If you’ve taken a course on statistics, you’ll probably have some question like this, the number of defective light bulbs in a box of 100. So the different outcomes here are: Light bulb one is defective or not, light bulb two is defective or not, light bulb three is defective, and so on and so on. This is an example of a discrete random variable. So, we have discrete random variables and we also have continuous random variables, and these random variables can take on an infinite number of values, within a given range. So, things like the heights of humans is continuous, things like the lengths of flower petals, or the time to checkout an online cart if you’re buying something from an online retailer, the time to checkout is also an example of a continuous random variable.

Right, so think of things that are real numbers for example. Usually continuous random variables describe properties that are real numbers. So heights of humans for example, are real numbers, they will be measured in feet and inches or centimeters. They can take on an infinite number of values within a particular range, or they don’t even have to be bounded, they can just go from negative infinity to positive infinity, it depends.

And discrete random variables then, can usually describe properties of things that are integers or things that you can actually list out and innumerate. So that’s just kind of the way you can think of it if you ever have a question of whether a variable is discrete or continuous, think about what its possible values could be. Can it take on an infinite number of values? If so, then it’s usually gonna be a continuous random variable.

Okay, so now that we know what random variables are, let’s talk a little bit about what a probability distribution actually is.
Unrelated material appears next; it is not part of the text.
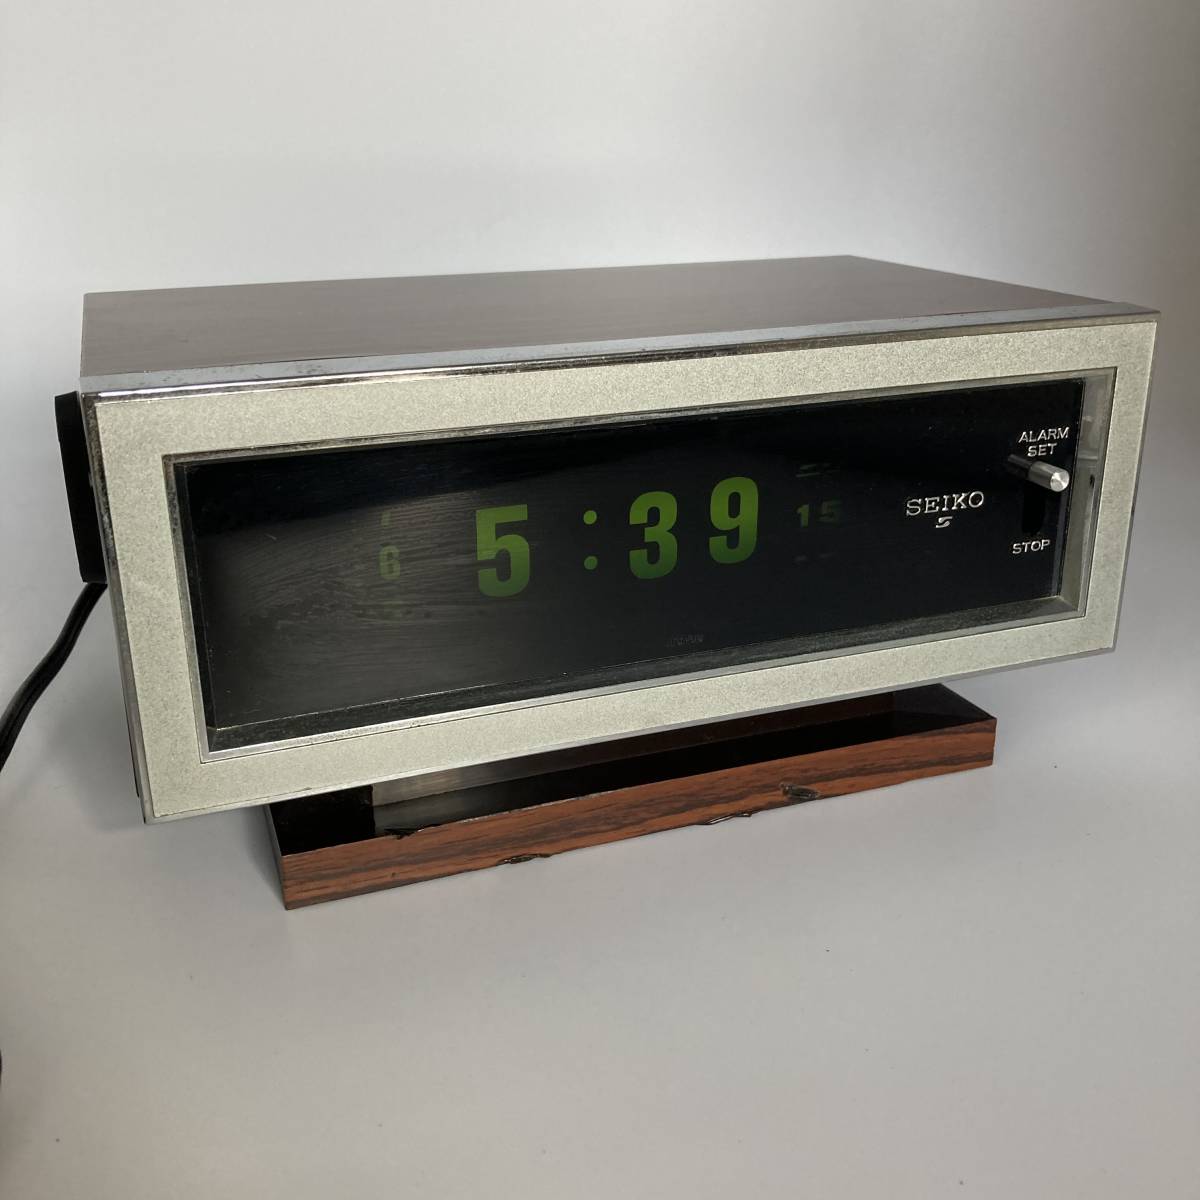 SEIKOのデジタル時計 レトロ風-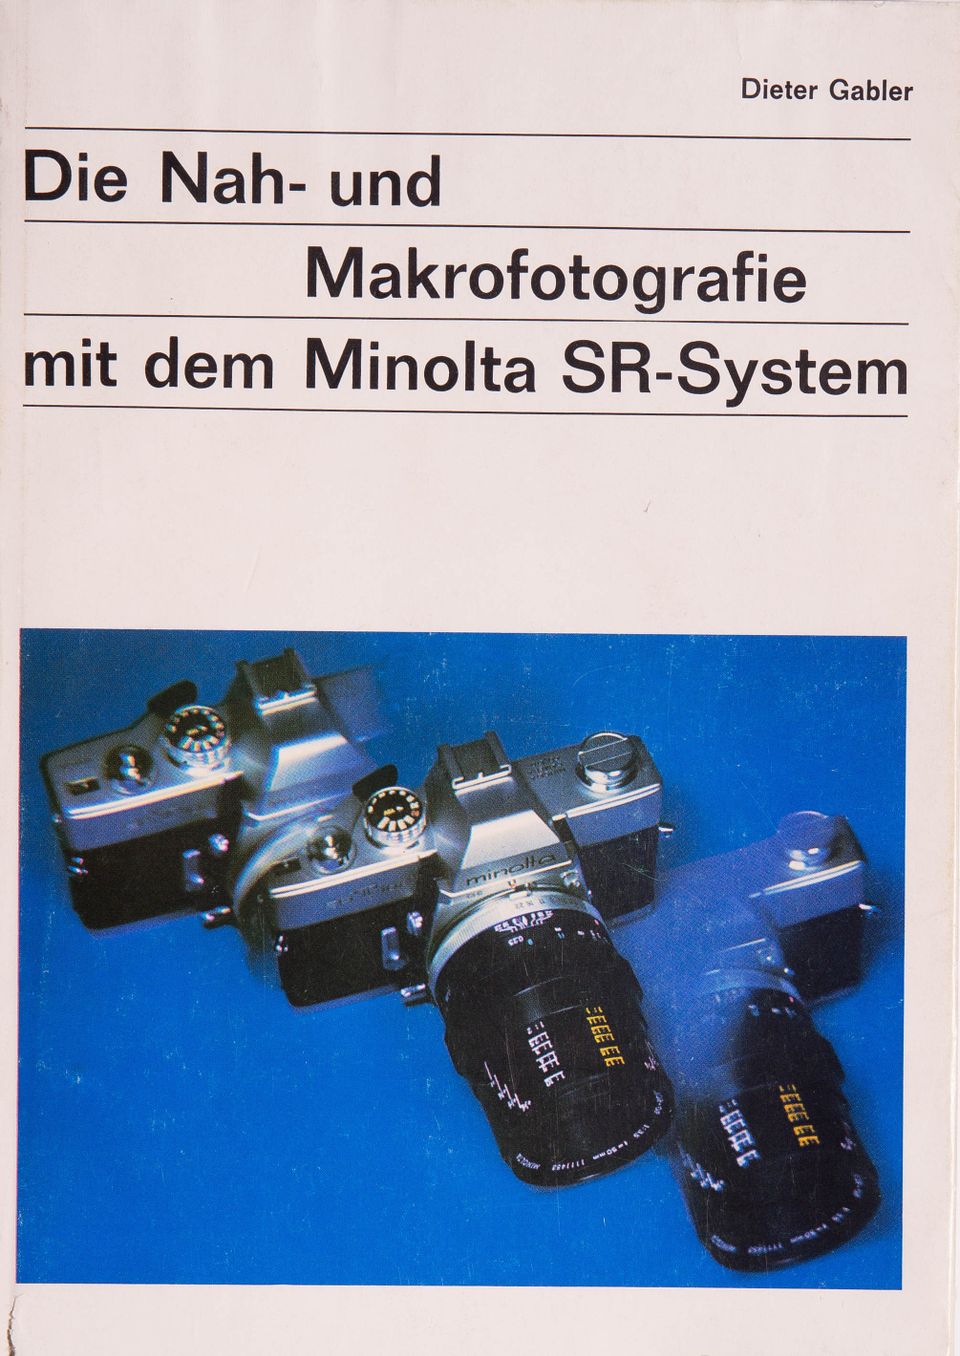 Die Nah- und Makrofotografie mit dem Minolta SR-System

So it’s really just a representation of the random variable values and their associated probabilities. So you’re gonna encounter two things, different kinds of function, there’s probability mass function, we say (PMF) for discrete random variables. We have probability density function for continuous random variables. So let me use an example. So here’s a probability distribution for a single coin toss. So on the X-axis we have all of the different possibilities, in other words the domain of the random variables. So heads and tails are the only two possible values here.

And on the Y-axis are their associated probabilities. So heads has a probability of 0.5 or half, tails has a probability of 0.5 or a half. In another example, we have the single toss of a six-sided dice. Again, we have put numbers one, two, three, four, five, six and their associated probabilities. Each of them have a probability of 1/6. So these are examples of, actually these two are examples of something called a uniform distribution.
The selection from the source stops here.